Lo que estamos observando ahora es que hay un contraste y una separación cada vez mayor entre un tipo de actitudes y otras. Por un lado se nos van imponiendo como necesarias todo un conjunto de decisiones que son, en principio, discutibles, como las que Monti impone en Italia, o las que este gobierno nos impone a nosotros. Y ello significa que cada vez es mayor el número de cuestiones respecto de las cuales no cabe opinar, porque son obligatorias y se sujetan a un criterio de “verdad”. Pero, por otra parte, está proliferando a la vez una opinión que no se sostiene literalmente sobre nada. Una opinión gratuita, donde la opinión sobre lo que sea la realidad ha acabado por suplir a la realidad en sí misma. Ésta pierde así todo componente de verdad y queda al albur de lo que cada uno disponga que es. Vivimos en un mundo cultural muy individualizado donde la opinión forma parte de este aparataje casi esteticista a través del cual el sujeto se ve a sí mismo y se presenta ante los demás. Y esto atenta contra la idea de deliberación en un sentido estricto, como el intento por acceder entre todos a una mayor reflexividad.

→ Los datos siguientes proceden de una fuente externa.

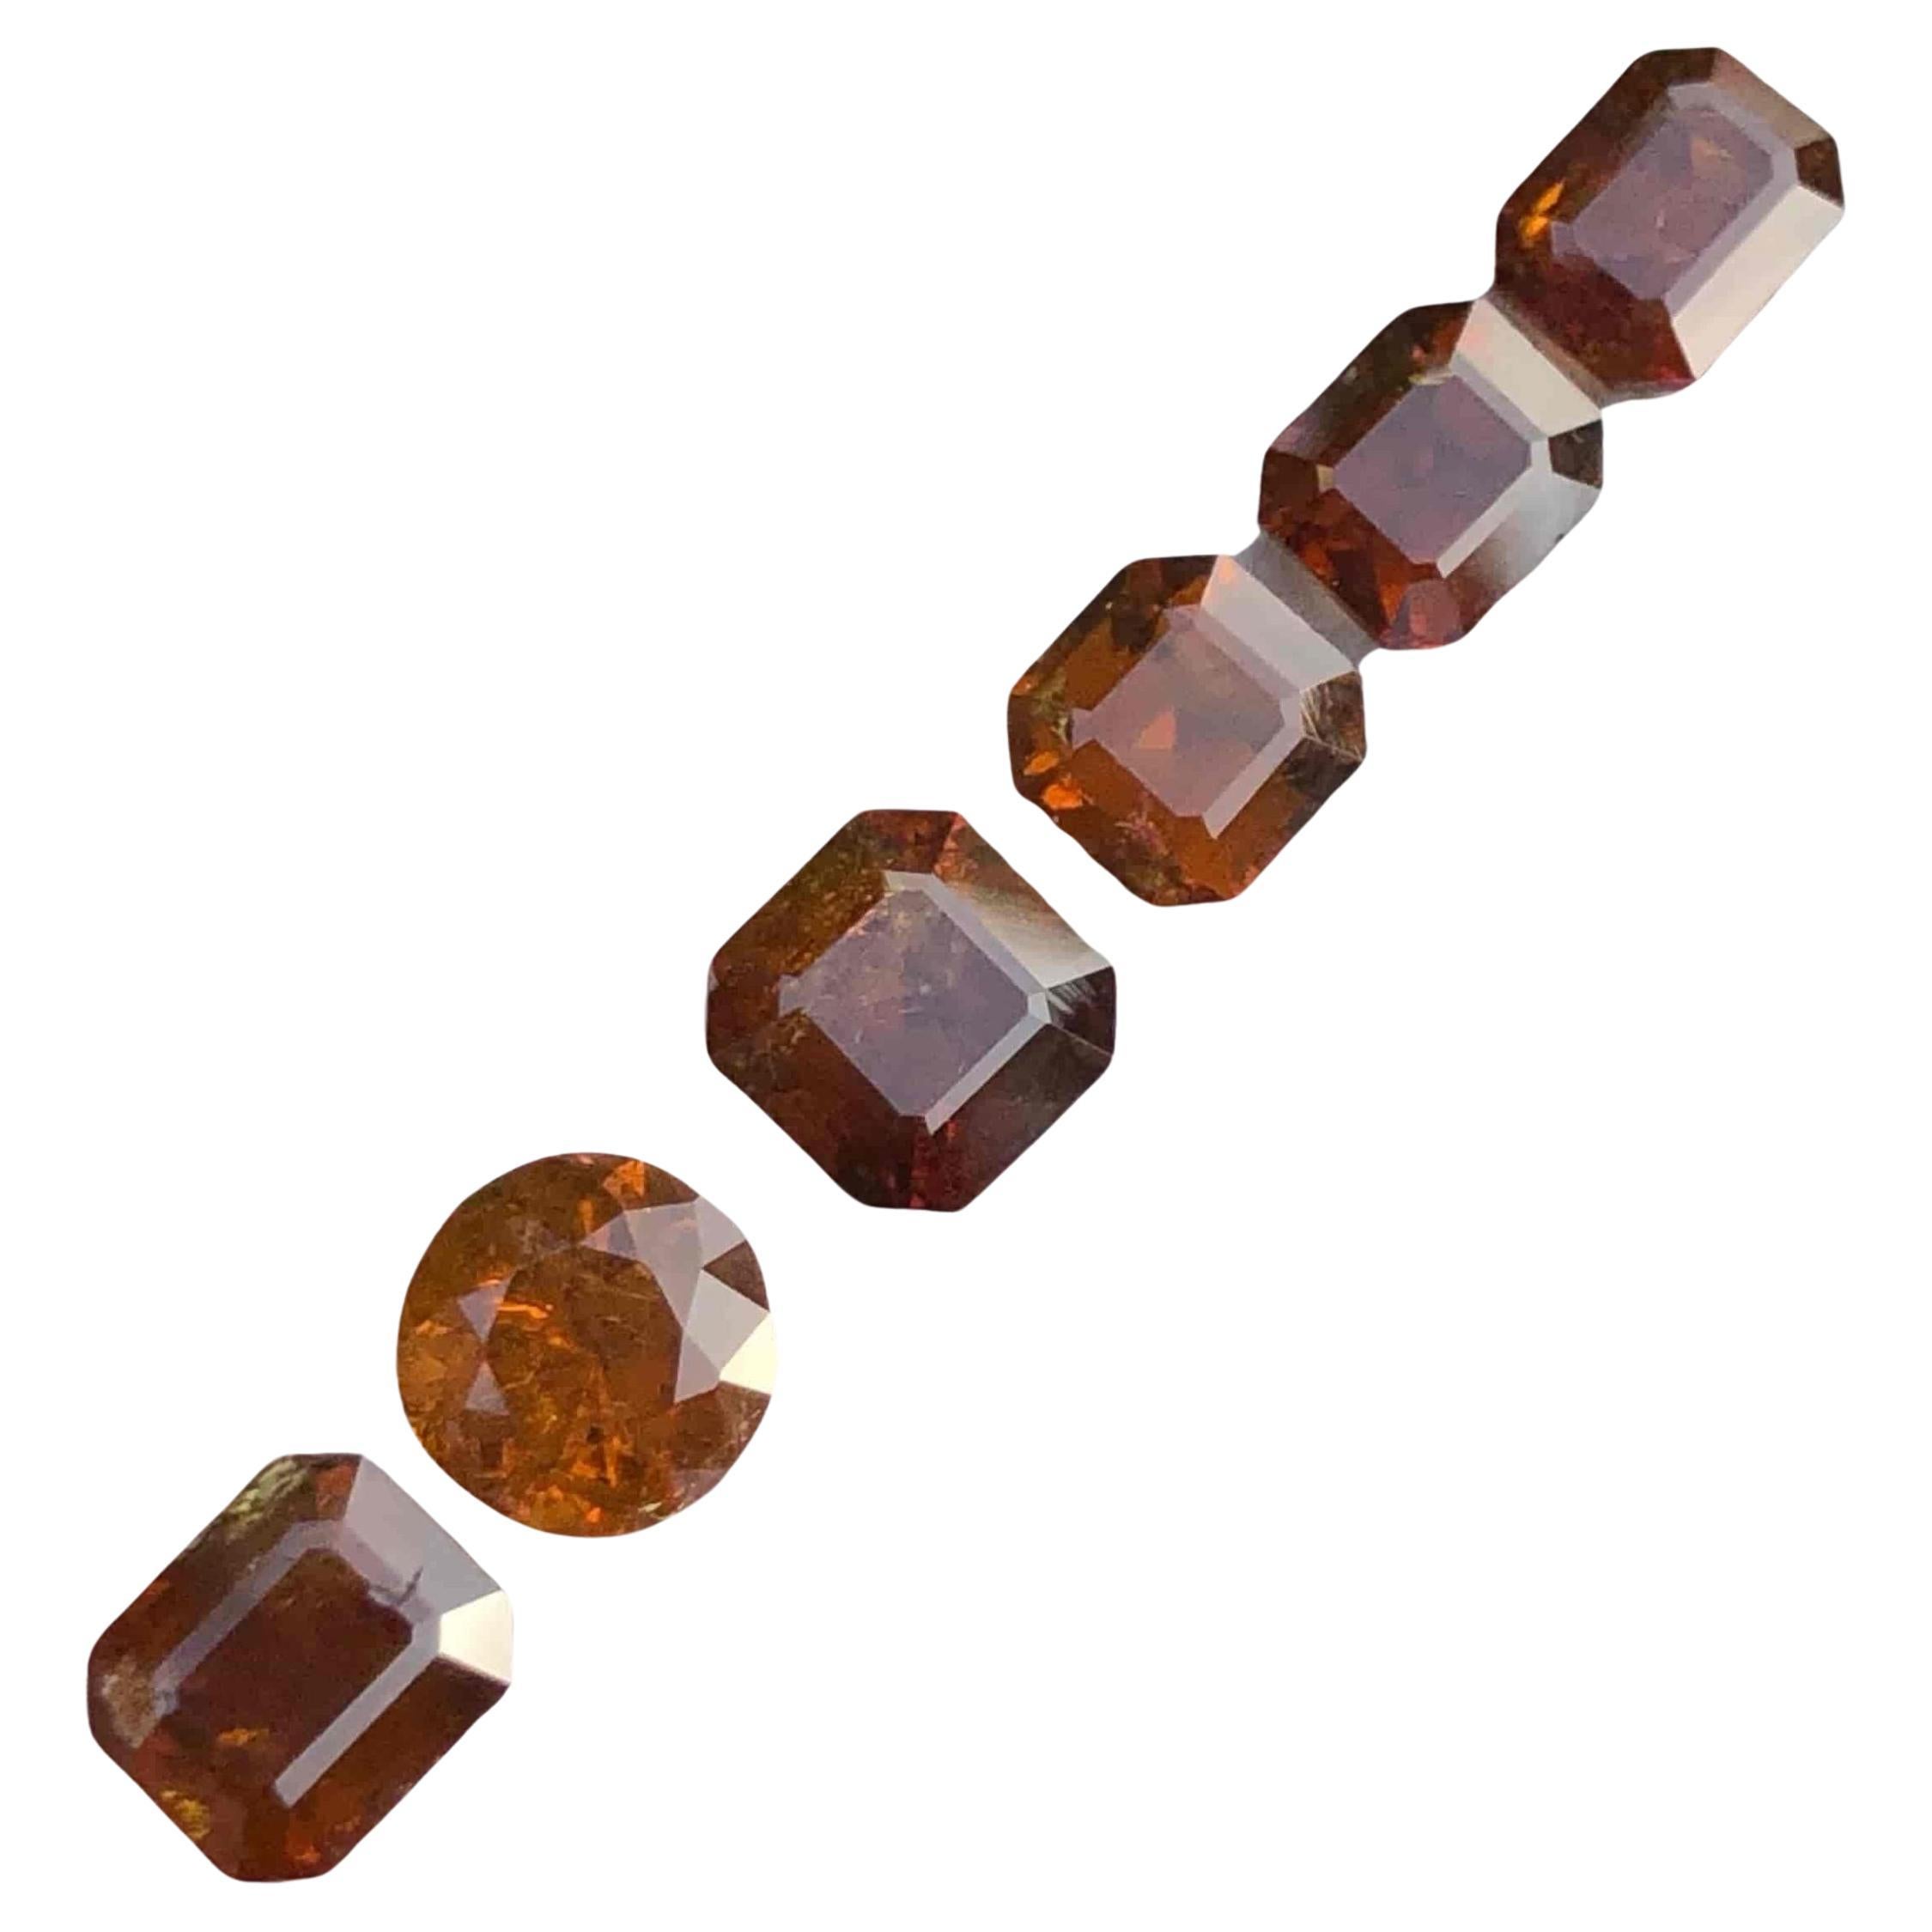 10.15 carats Natural Brown Garnet Stones Lot Loose Gemstones From Mali Africa en vente

Luego está un fenómeno que también es muy propio de nuestro tiempo que es que el mundo, generalmente, no se refleja de forma no opinada. No se nos dan noticias, sino que las noticias aparecen ya presentadas para conducir a una opinión sobre lo que ocurre. Entonces claro, la gente que tiene acceso a determinados medios de comunicación y no a otros, acaba por tener una percepción/opinión del mundo que no coincide con la de los otros. Nos estamos encontrando por primera vez en nuestra historia con que ya no participamos de un mundo común. La gran ventaja de la ciudad-estado griega era que uno sabía quién era quién, uno tenía la misma experiencia de las cosas y se podían tener opiniones distintas pero no se negaban los hechos. Ahora el problema es que según donde nos informemos el mundo se nos presentará de una forma que condicionará nuestras opiniones y las opiniones de otros, con lo cual es muy difícil acceder a un mínimo de “mundo común” que nos permita, a partir de ahí, poder construir un espacio público participativo, deliberativo.

¿Cuál es tu opinión sobre la investigación en el ámbito de las ciencias sociales y su capacidad de impactar en la opinión pública? ¿Mejoraría toda esta deliberación si se tuviera más en cuenta esta investigación?

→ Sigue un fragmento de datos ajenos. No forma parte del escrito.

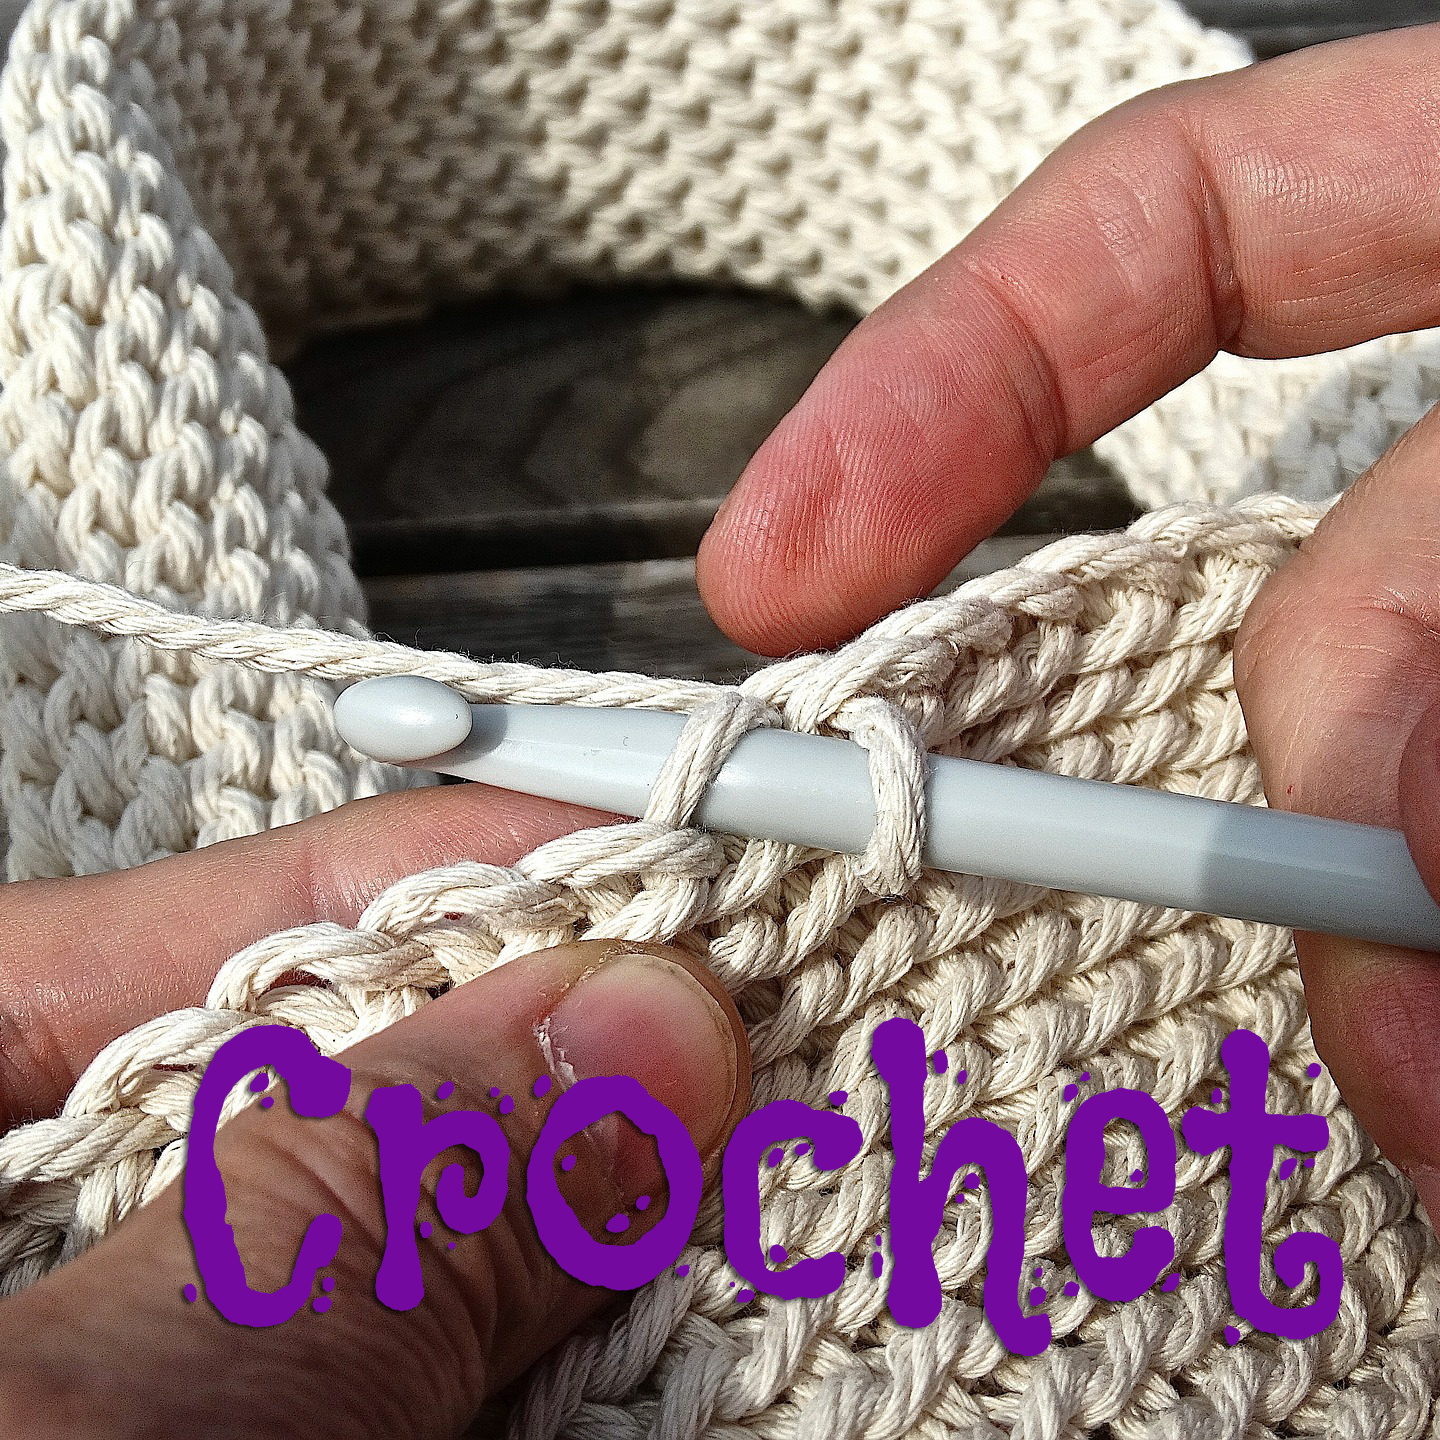 Crochet hook and yarn.

El problema es que la ciencia social forma parte del sistema científico mientras que el espacio público se alimenta a partir de opiniones, de opinadores, que no tienen una conexión con los científicos sociales. Es muy raro que los resultados de los grupos de investigación acaben accediendo al espacio público, salvo cuando ellos, los opinadores deciden, y tal y como ellos deciden.

Siempre pongo el ejemplo de Hobbes, pues fue el primero que se dio cuenta de esto. Podía decir algo así como “Yo he dado con una fundamentación científica de la política pero si yo quiero acceder al gran público tengo que envolverlo en retórica, en metáforas, etc. Tengo que utilizar otra estrategia”. Entonces, el problema que tenemos los científicos sociales que queremos que el resultado de nuestra investigación tenga un impacto sobre lo público es que tenemos que dejar de presentarlo como si fuera científico, “vulgarizarlo”, filtrar nuestro conocimiento de tal manera que después pueda ser accesible al común de los ciudadanos, y esto es lo que no solemos hacer. ¿Cuántos ciudadanos leen nuestras investigaciones? Las leemos entre nosotros y, además, no siempre, generalmente sólo sobre el tema específico que nos interesa y cada vez menos sobre otros temas que no sean de nuestra especialidad. Se investiga, pero no se estudia, y ésta es una distinción muy importante. Porque uno estudia cuando lee a Max Weber, por ejemplo, aunque esté investigando sobre inmigración, y eso es lo que le permite acceder y abrirse a enfoques e ideas nuevas. O lee a Robert Merton u otros, por seguir con clásicos de la sociología. ¿Quién lo hace en nuestros días?